Saturday, March 21, 2009

Mothering

I've been exhausted lately. I find it hard to wind down at night, and I wake up in the morning hardly feeling rested. The crazy period at work is hopefully over for some time. And I'm in what seems to be my annual spring funk, so down on myself and whatever it is I'm chosing for this thing called life. None of this makes for good mothering.

Last night I was too tired to make my son supper - I told him he had to make his own. He made himself an almond butter and jam sandwhich. Then his father calls on skype, and my son proceeds to tell him the entire story of him having to make his own dinner because I refused to lift a finger. Now my poor mothering skills are public knowledge to the person I am most vulnerable to attack by.
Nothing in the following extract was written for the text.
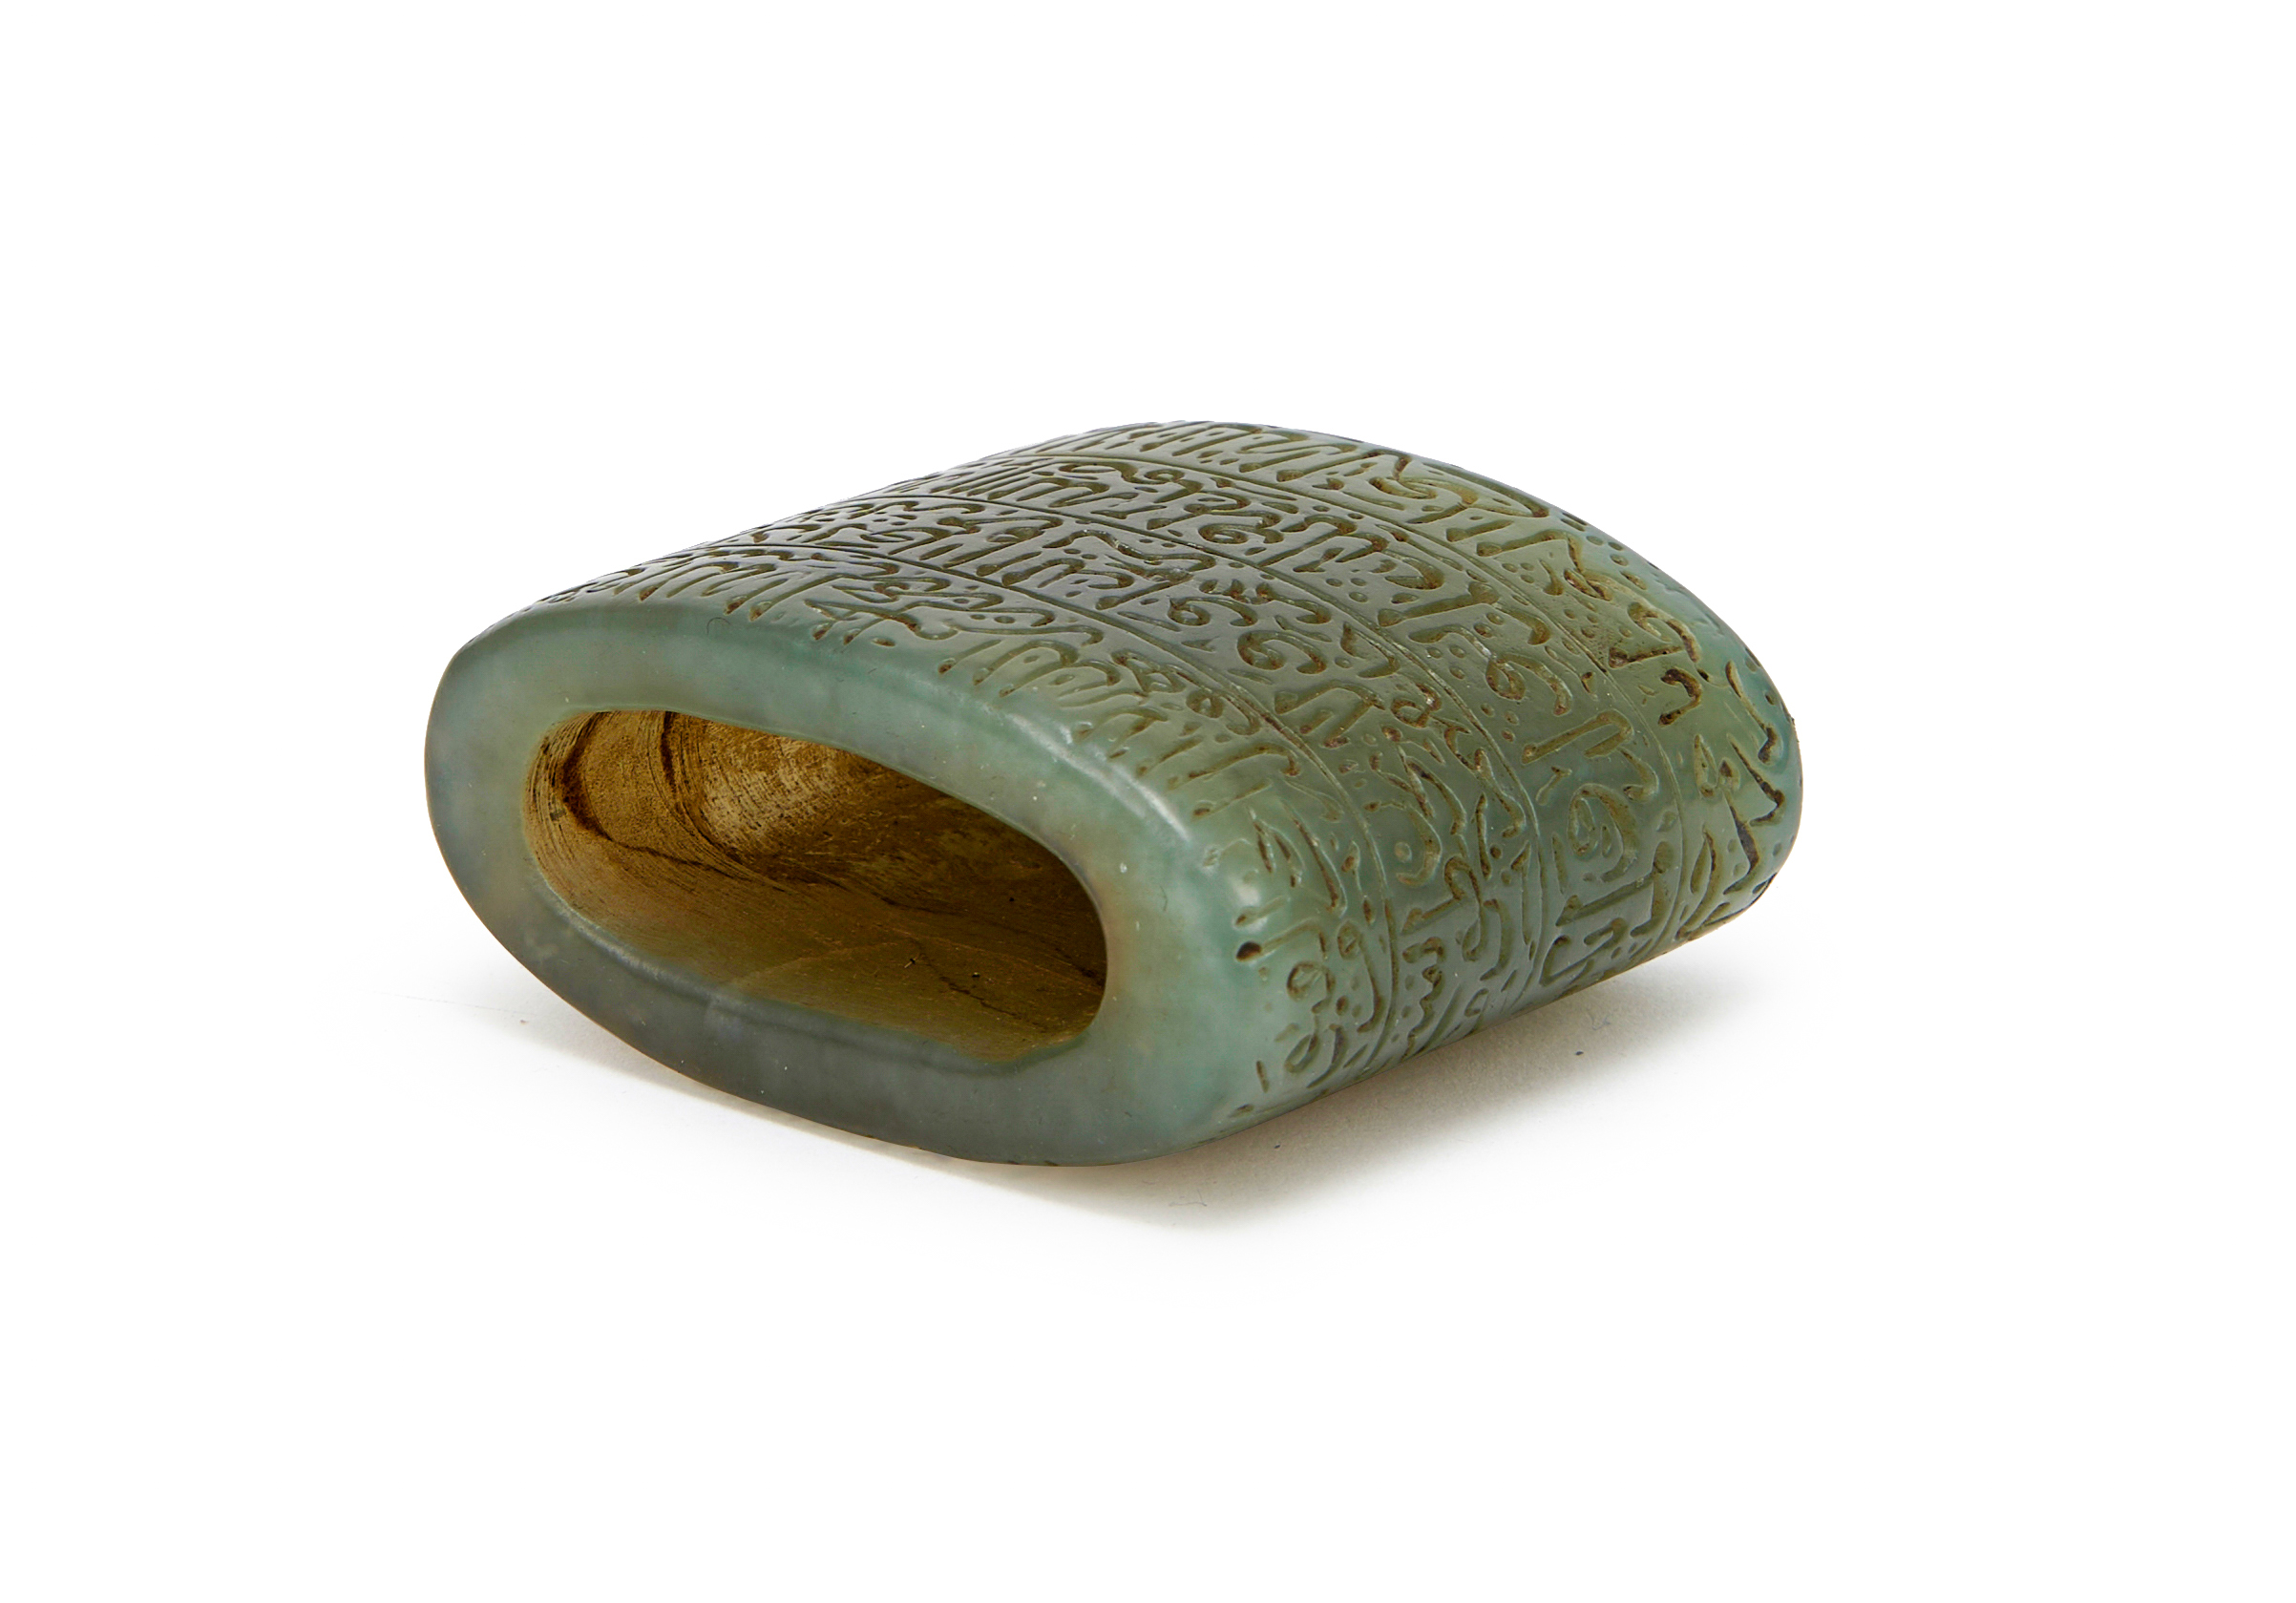 A RARE CALLIGRAPHIC INSCRIBED JADE INKWELL, 18TH CENTURY, MUGHAL, INDIA - Image 7 of 7

After my son went to bed, I microwaved some popcorn for dinner and watched a sappy romance movie on TV (on a Saudi channel so all the good kissing scenes were cut out), and then went to bed bemoaning the fact that my life is so lacking in romance. Its a good story line when I'm in a funk, keeps me there even longer!
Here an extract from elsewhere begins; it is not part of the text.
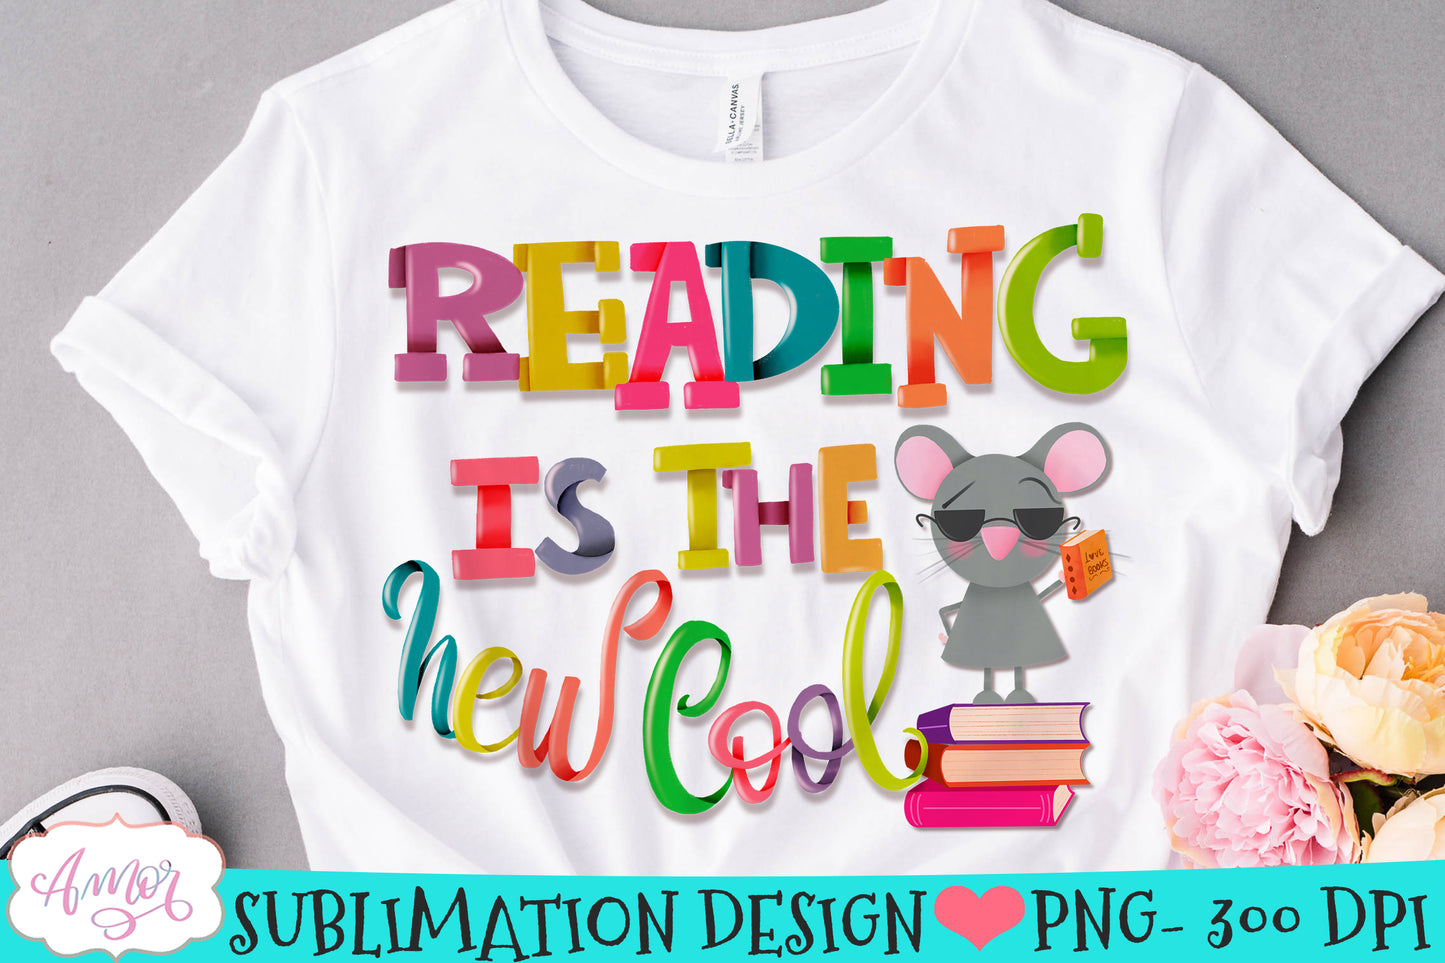 Reading is cool sublimation design | Book lover PNG graphic

Around midnight, I'm deep into REM trying to figure my way out of some pseudo-realistic work problem and my cell phone jingles its notification for a text message. A text message at 10 minutes after midnight, it must be a good one! Still, I hesitate in my semi-dreamlike mindframe. I finally reach over and open the phone. The message reads, "Happy Mother's Day" and the sender is Omar's babysitter. I register it somewhere as a sweet gesture, although at the same time wonder it its strange that it arrived at such an odd hour.
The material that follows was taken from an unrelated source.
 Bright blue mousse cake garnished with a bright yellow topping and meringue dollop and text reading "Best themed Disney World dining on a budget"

My son's babysitter has been a lifesaver - always reliable, always keeping my son happy, and taking my sometimes erratic schedule all in stride. I have many things in my life right now that are lifesavers that I know after 37 years I shouldn't take for granted - a good babysitter, a trustworthy and good housecleaner, a kind and normal landlord, a safe and beautiful home, friends who don't judge, a job that pays well, a car that gets me from point A to point B, a healthy and relatively normal kid. There were plenty of times in my life when I lacked some of these, and a few key periods when I had none of them. And still, I feel like the world's crappiest mother on Mother's Day.